The event, which will take place at the Hawaii Convention Center, will bring together carriers from the United States, Puerto Rico, the Virgin Islands and Guam. Delegates will discuss issues critical to the U.S. Postal Service, including proposed postal reform legislation.

U.S. Rep. Neil Abercrombie will be among the convention speakers.

Agency may have violated privacy

WASHINGTON >> The government may have broken federal privacy law when it asked airlines to turn over personal data about passengers for a test of background-check project, a senator said yesterday.

Four airlines and at least two reservation systems provided the information to the government or its contractors, the acting head of the Transportation Security Administration told a Senate committee. Some of the companies denied that.

The agency previously had said only two airlines had done so.

Sen. Joe Lieberman of Connecticut, top Democrat on the Senate Governmental Affairs Committee, said the agency "may have violated" the Privacy Act, which says the government must notify the public if it intends to collect records on people.

The law also requires that the government tell people how to find out what information is being collected about them.

The disclosures, which Lieberman said were "disturbing," came out during a hearing on David Stone's nomination as the agency's administrator.

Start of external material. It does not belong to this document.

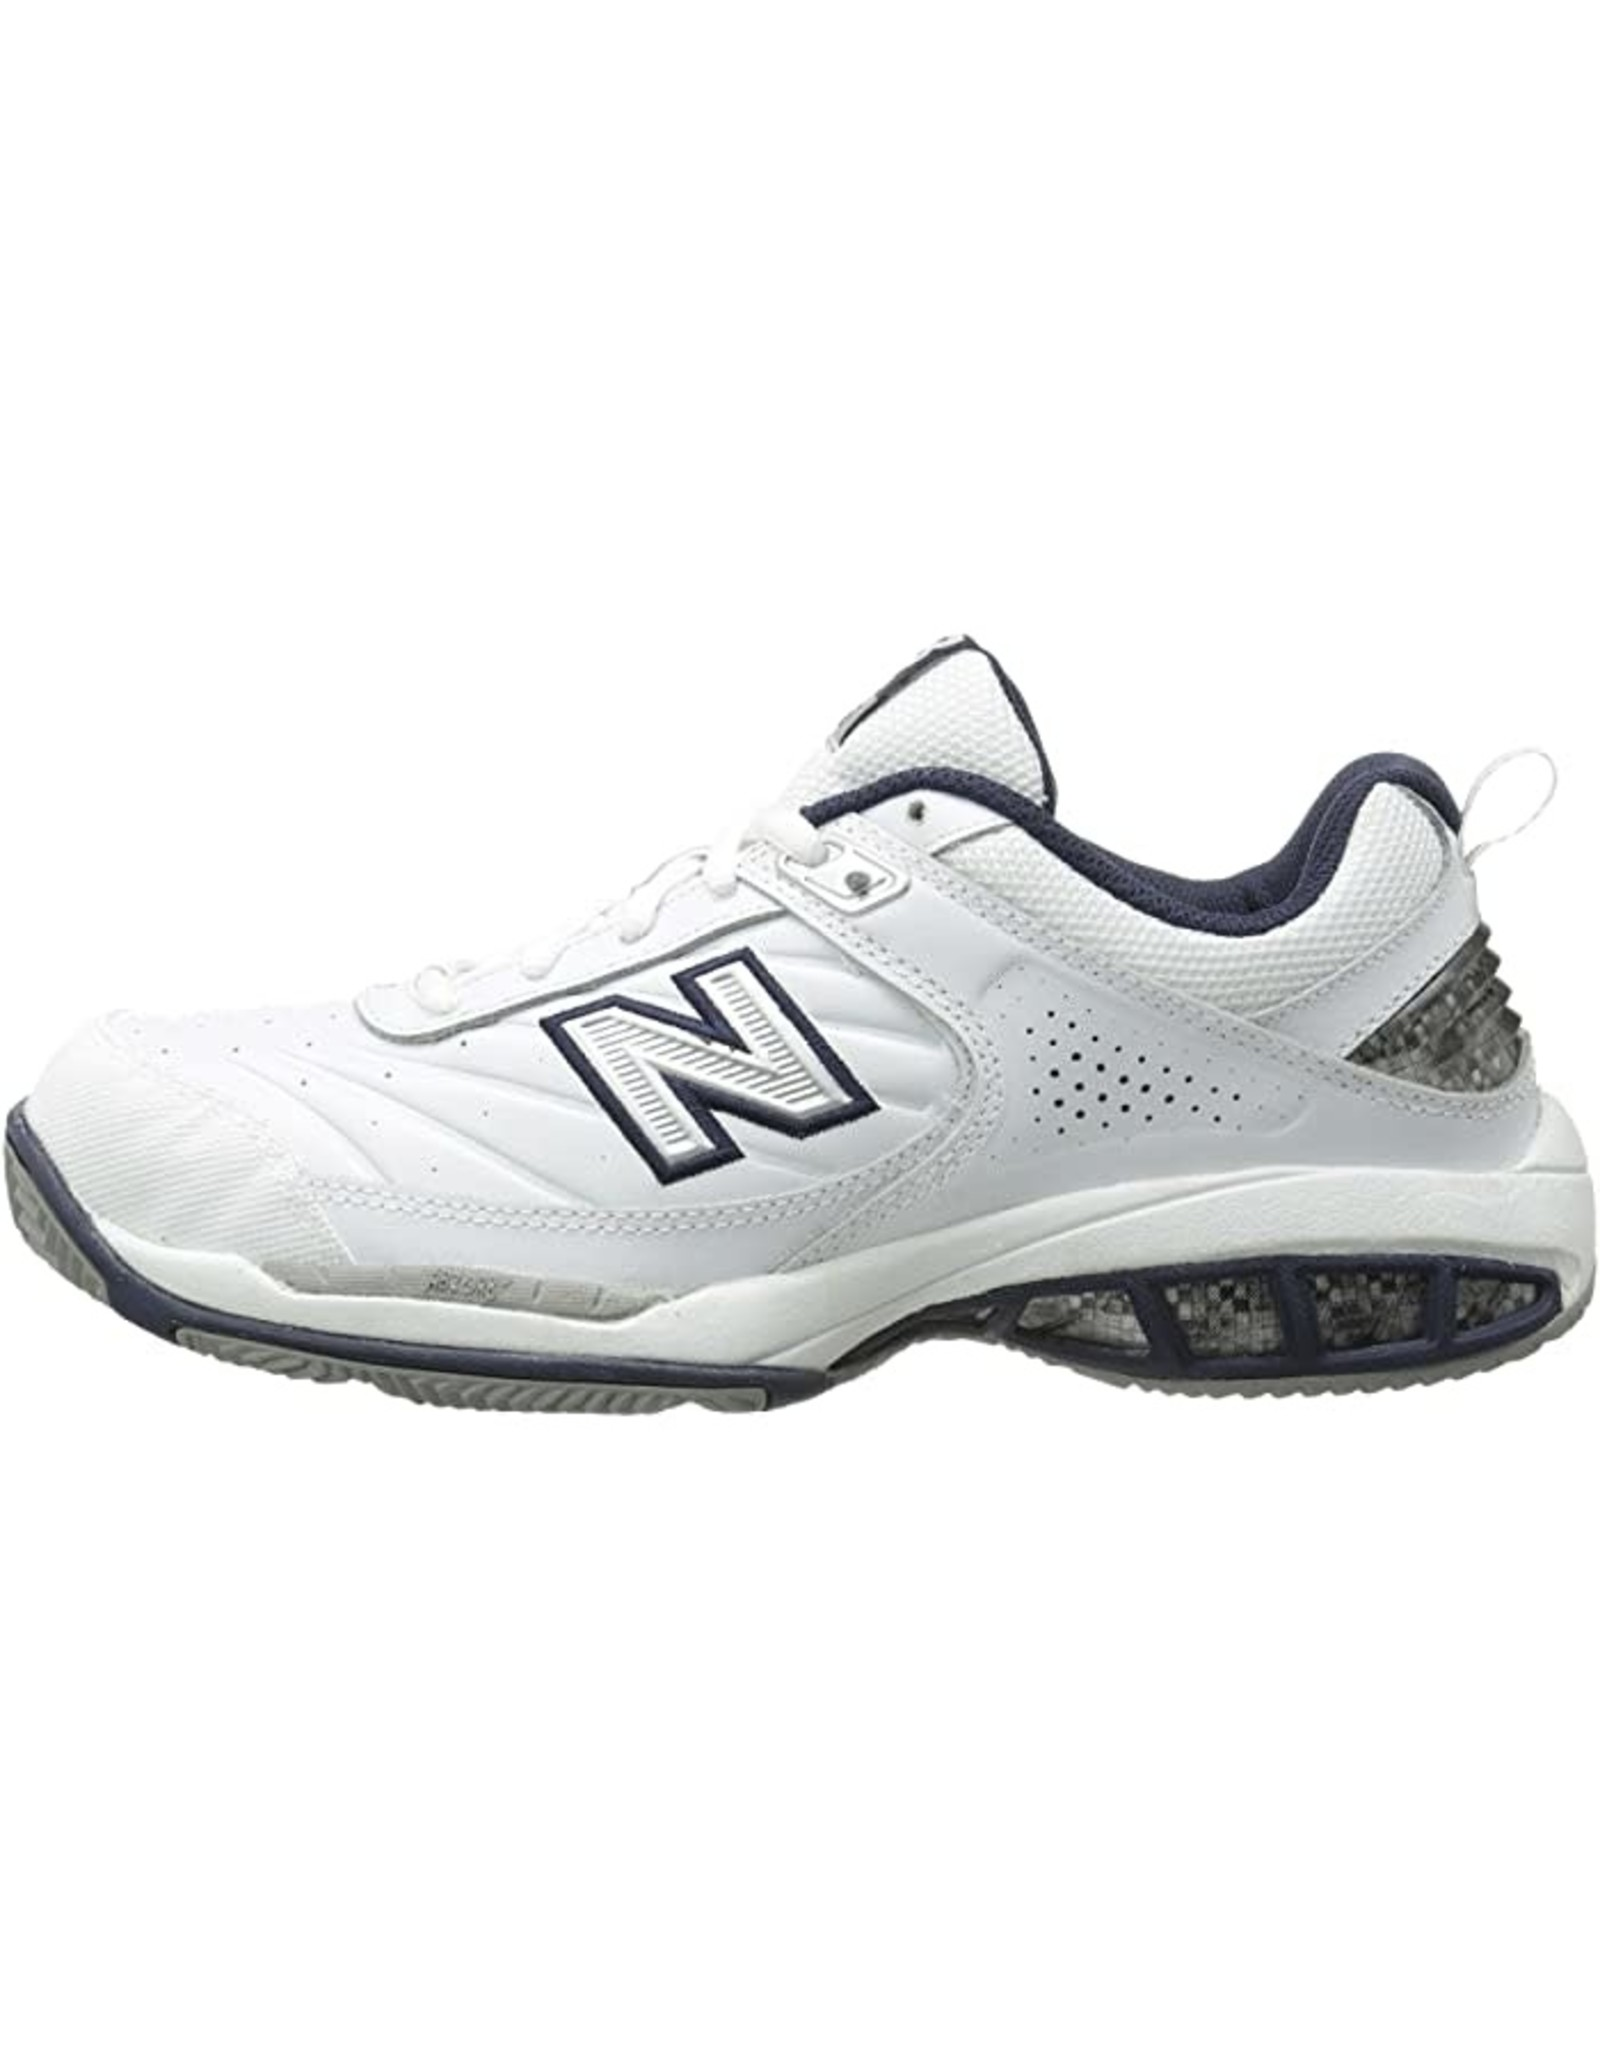 New Balance New Balance MC806W Men's Tennis Shoe

Northwest Airlines issues threat

EAGAN, Minn. >> Northwest Airlines is threatening to discipline, and possibly fire, union employees if they proceed with picketing that questions the safety and security of Northwest flights, according to a letter the airline sent to the mechanics union.

"It seems like pure intimidation," said Jim Atkinson, president of Local 33 of the Aircraft Mechanics Fraternal Association. The mechanics and the Professional Flight Attendants Association had planned to conduct informational picketing on July 2 at the Minneapolis-St. Paul International Airport.

The union members planned to picket to raise awareness of the company's practice of having overseas and third-party repair stations do maintenance on Northwest aircraft. They say maintenance performed in other countries poses a security risk.

"Any suggestion that safety or security has been compromised at Northwest is both false and highly damaging to Northwest's business," Northwest labor relations Vice President Julie Hagen Showers said in a June 18 letter to the mechanics union, which was posted on the union Web site yesterday.